Medicare’s spending on 22 high-tech tests for drugs of abuse hit $445 million in 2012, up 1,423% in five years. “In 2012, 259 million prescriptions were written for opioids, which is more than enough to give every American adult their own bottle of pills.” See article.
According to the American Association of Pain Management, pain affects more Americans than diabetes, heart disease and cancer combined. The chart below depicts the number of chronic pain sufferers compared to other major health conditions.
In the world of Medicare and Medicaid, where there is profit being made, the government comes a-knockin’.
But should we blame the pain management doctors if recent years brought more patients due to increase of drug use? The flip side is that we do not want doctors ordering urine tests unnecessarily. But aren’t the doctors supposed to the experts on medical necessity??? How can an auditor, who is not a physician and never seen the patient opine to medical necessity of a urine test?
The metaphoric ball frenzy:
There are so many investigations into urine testing going on right now.
Ball #1: The machine manufacturers. A couple of years ago, Carolina Liquid Chemistries (CLC) was raided by the federal government. See article. One of the allegations was that CLC was misrepresenting their product, a urinalysis machine, which caused doctors to overbill Medicare and Medicaid. According to a source, the federal government is still investigating CLC and all the physicians who purchased the urinalysis machine from CLC.
Ball #2: The federal government. Concurrently, the federal government is investigating urine testing billed to Medicare. In 2015, Millennium Health paid $256 million to resolve alleged violations of the False Claims Act for billing Medicare and Medicaid for medically unnecessary urine drug and genetic testing.
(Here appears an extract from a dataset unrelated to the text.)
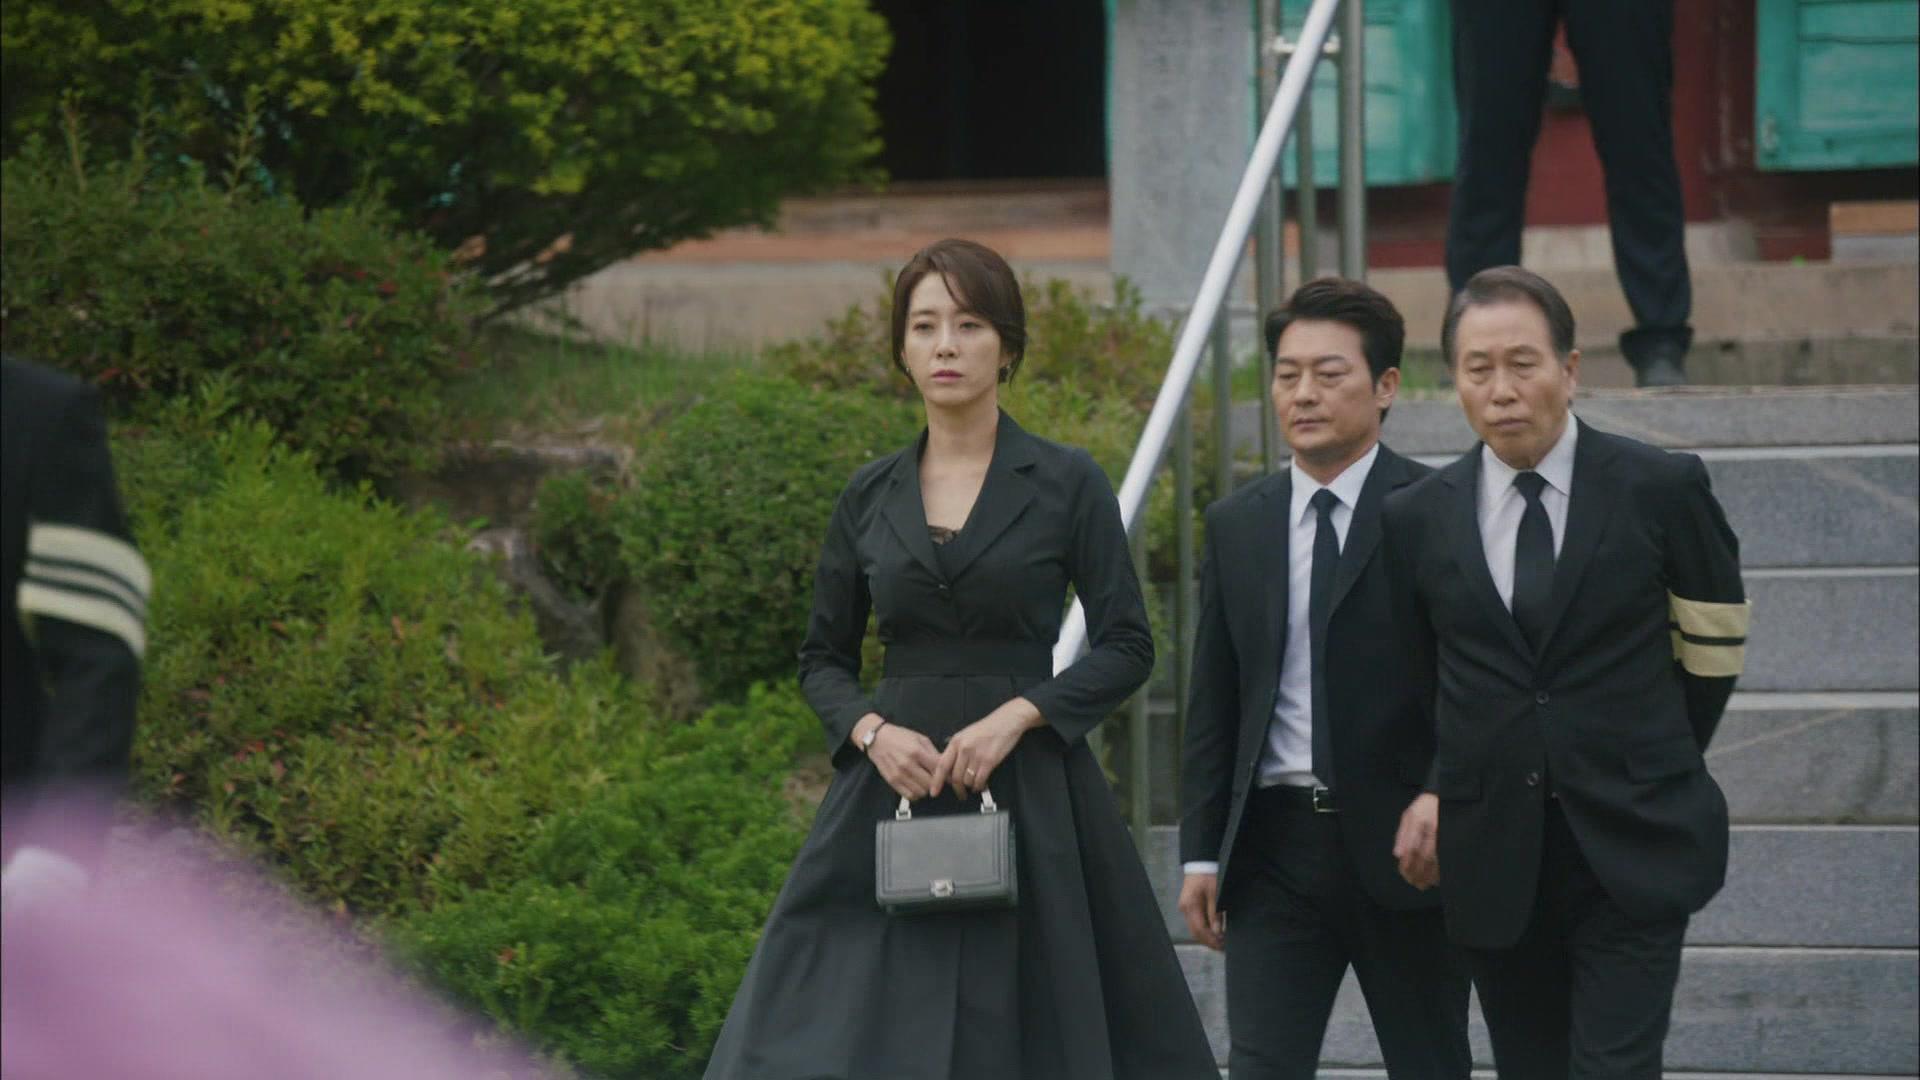 The K2 Episode 1 - THE K2 - Watch Full Episodes Free - Korea

I wonder if Millennium bought a urinalysis machine from CLC…
Ball #3: The state governments. Many state governments are investigating urine testing billed to Medicaid. Here are a few examples:
New Jersey: July 12, 2016, a couple and their diagnostic imaging companies were ordered to pay more than $7.75 million for knowingly submitting false claims to Medicare for thousands of falsified diagnostic test reports and the underlying tests.
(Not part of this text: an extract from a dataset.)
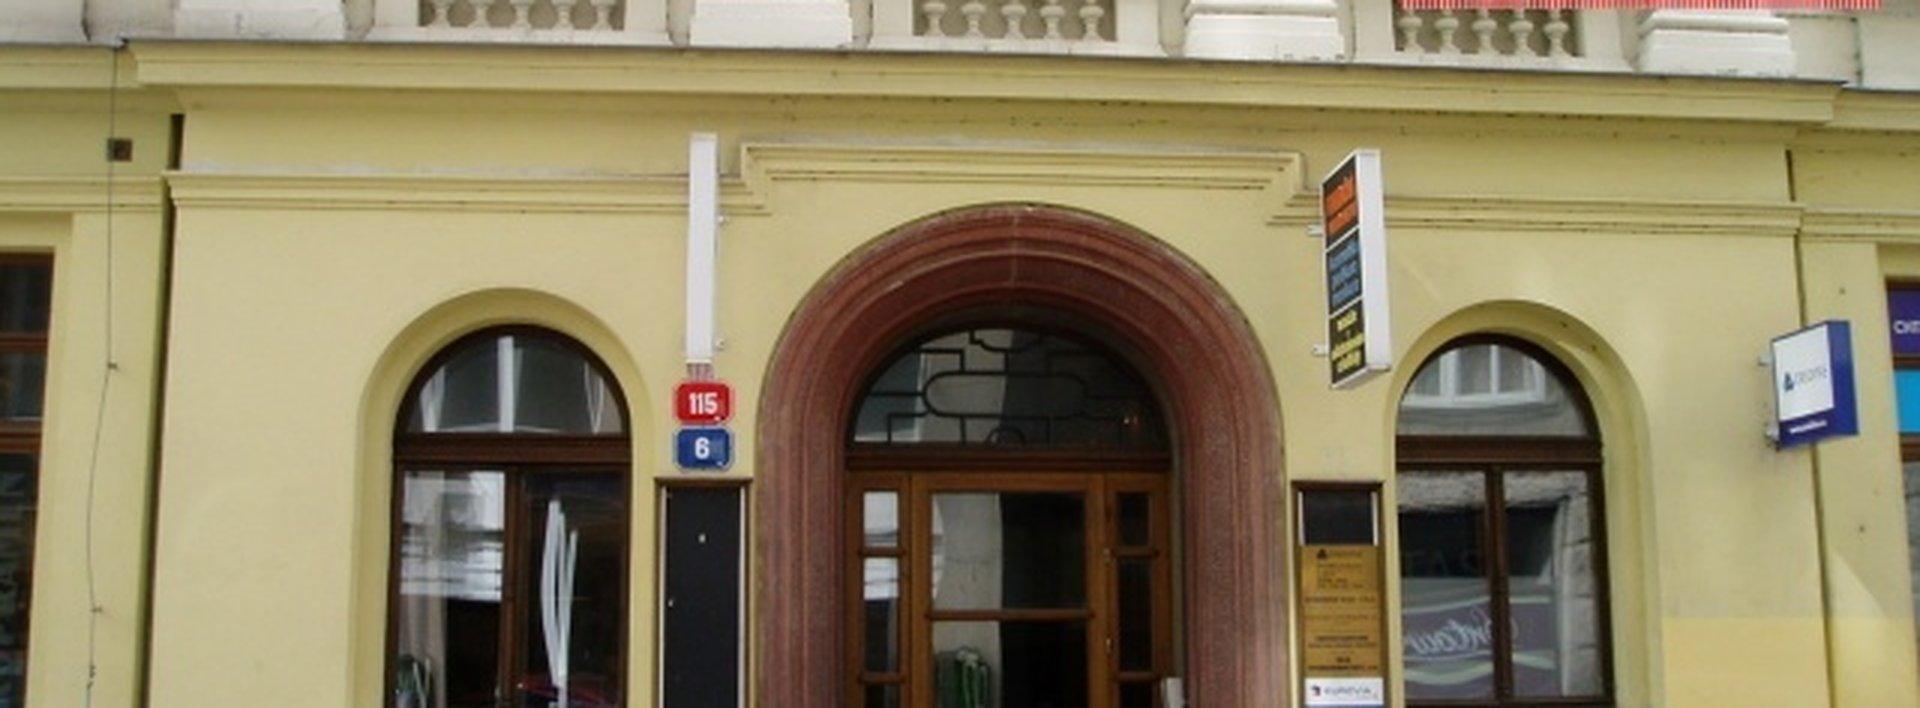 Pronájem kanceláře 36 m² - Soukenné nám. Liberec III-Jeřáb, Ev.č.: N49086

Oklahoma: July 10, 2016, the Oklahoma attorney general’s office announced that it is investigating a group of laboratories involved in the state’s booming urine testing industry.
Tennessee: April 2016, two lab professionals from Bristol, Tenn., were convicted of health care fraud in a scheme involving urine tests for substance abuse treatments.
If you are a pain management physician, here are a few recommendations to, not necessarily avoid an audit (because that may be impossible), but recommendations on how to “win” an audit:
- Document, document, document. Explain why the urine test is medically necessary in your documents. An auditor is less likely to question something you wrote at the time of the testing, instead of well after the fact.
- Double check the CPT codes. These change often.
- Check your urinalysis machine. Who manufactured it? Is it performing accurately?
- Have an experienced, knowledgeable, health care attorney. Do not wait for the results of the audit to contact an attorney.
And, perhaps, the most important – Do NOT just accept the results of an audit. Especially with allegations involving medical necessity…there are so many legal defenses built into regulations!! You turn around and throw a bouncy ball really high – and then…wallop them!!